Are there any totally ordered sets $O$ with $|O|\ge|\mathbb N|$ such that for each totally ordered set $S$ with $|S|\le|O|$ there is function $f_S\colon S\mapsto O$ such that $\forall_{x,y\in S}x\le y\leftrightarrow f_S(x)\le f_S(y)$?

Answer 1

(I'm posting this as an answer because it's too long for a comment, but I'm out of my depth here:)

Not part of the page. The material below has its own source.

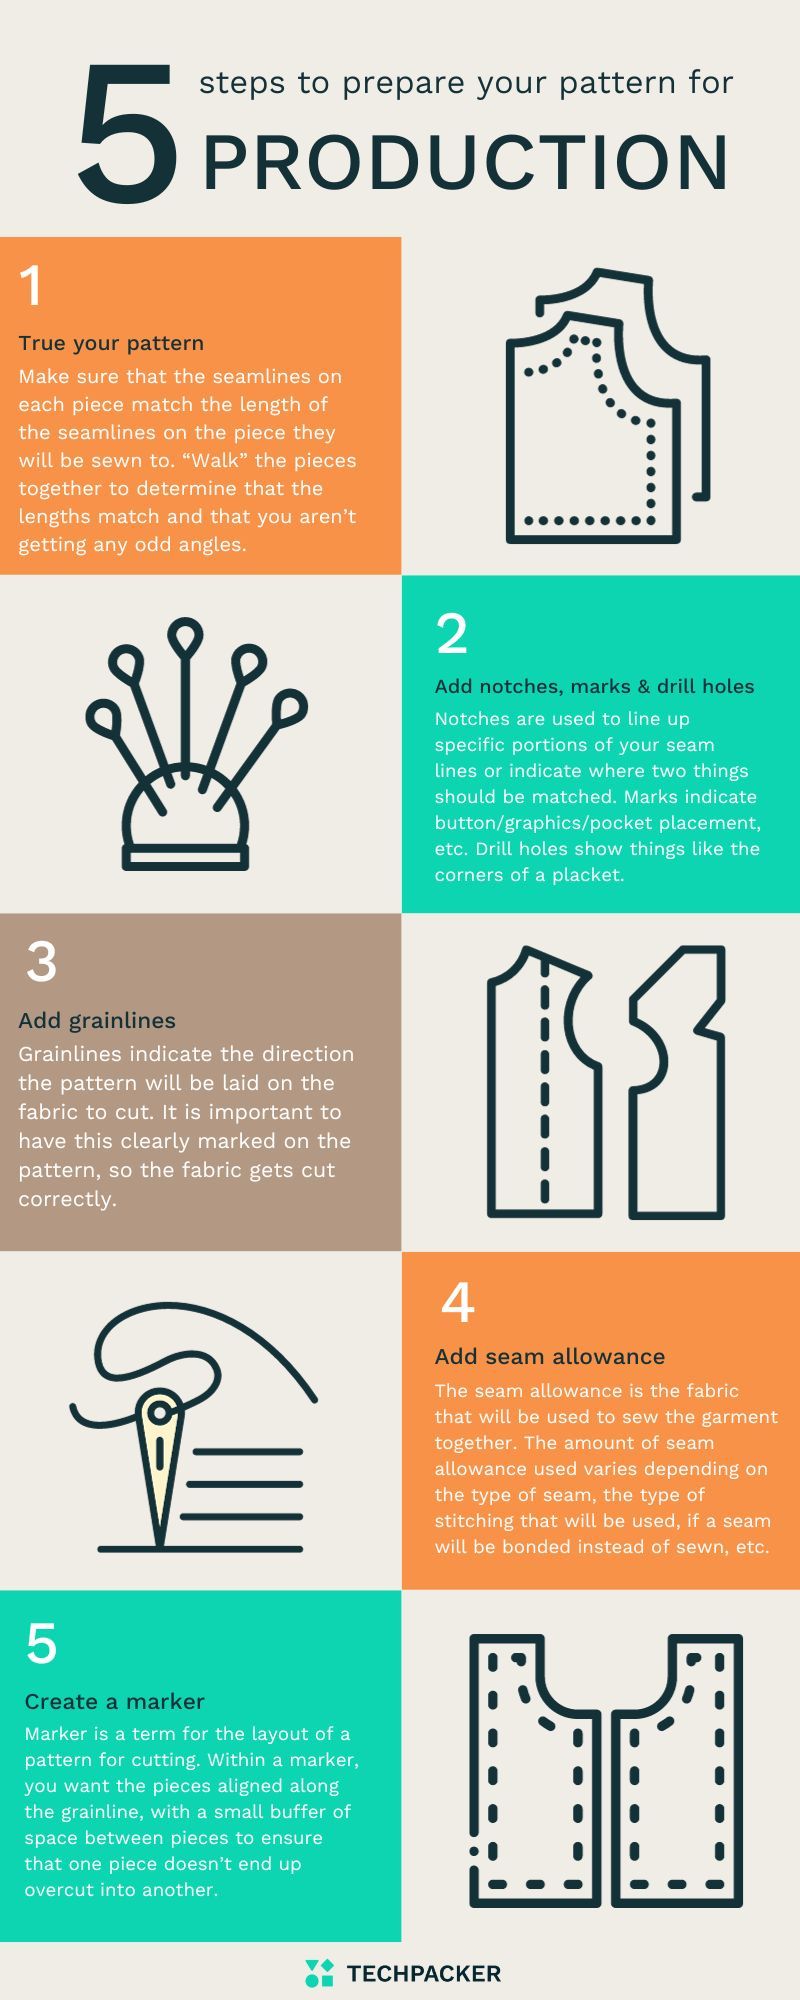 Infographic on 5 steps to prepare pattern for production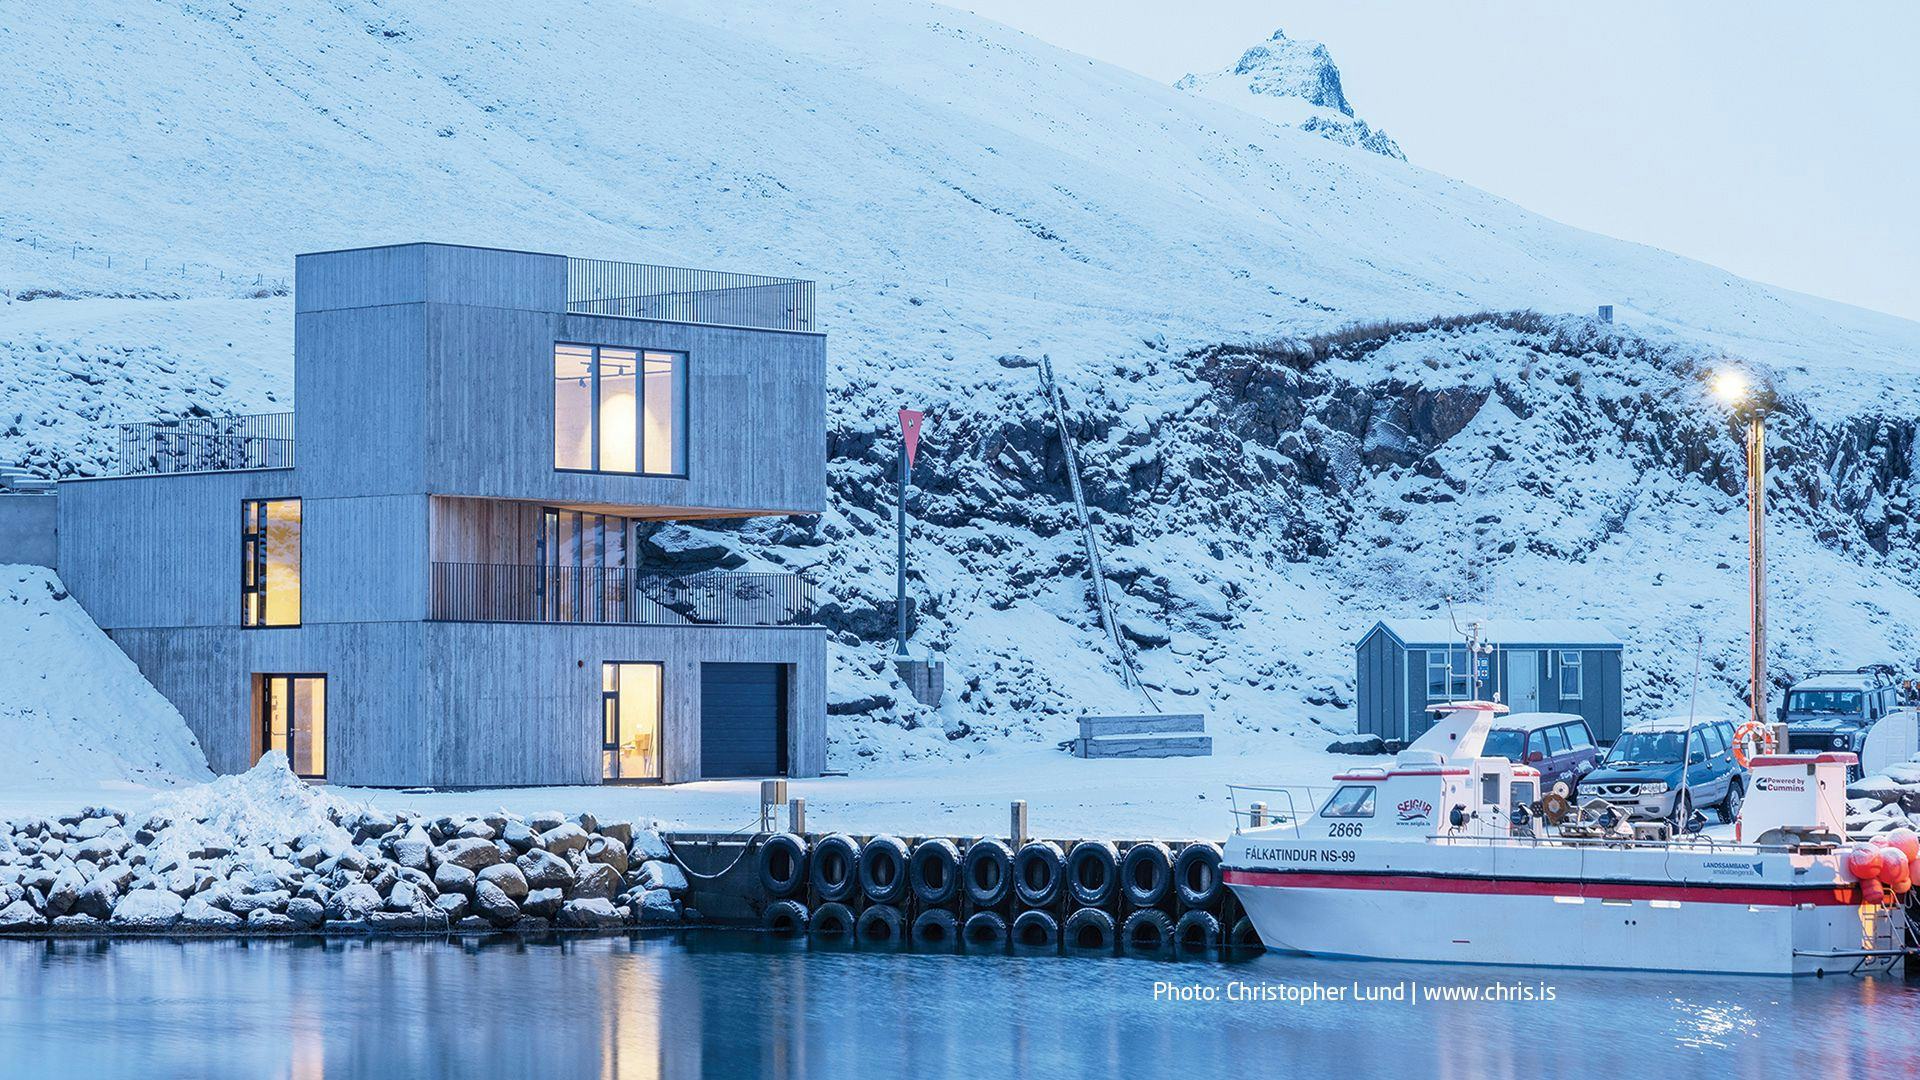 A modern architectural building by the water with a backdrop of a snowy mountain landscape and a boat docked at the pier

It seems from $\S6$ of Normal J. Alling's Conway's field of surreal numbers, Trans. AMS 287, no. 1 (1985) that for every ordinal $\alpha$, if $\omega_{\alpha + 1}$ denotes the least ordinal of power $\aleph_{\alpha + 1}$, and $$ S_{\alpha + 1} = \{f \in \{0, 1\}^{\omega_{\alpha + 1}}: \exists \beta < \omega_{\alpha + 1} \text{ s.t. } f(\beta) = 1, f(\gamma) = 0 \text{ if } \beta < \gamma < \omega_{\alpha + 1} \}, $$ then any totally ordered set of power at most $\aleph_{\alpha + 1}$ has an order-preserving map into $S_{\alpha + 1}$. By $\S4$, under GCH, $S_{\alpha + 1}$ may be replaced by a set of power $\aleph_{\alpha + 1}$, which would answer your question.

(I see the question has been edited. The condition was originally $\left\lvert{O}\right\rvert > \left\lvert\mathbb{N}\right\rvert = \aleph_0$.)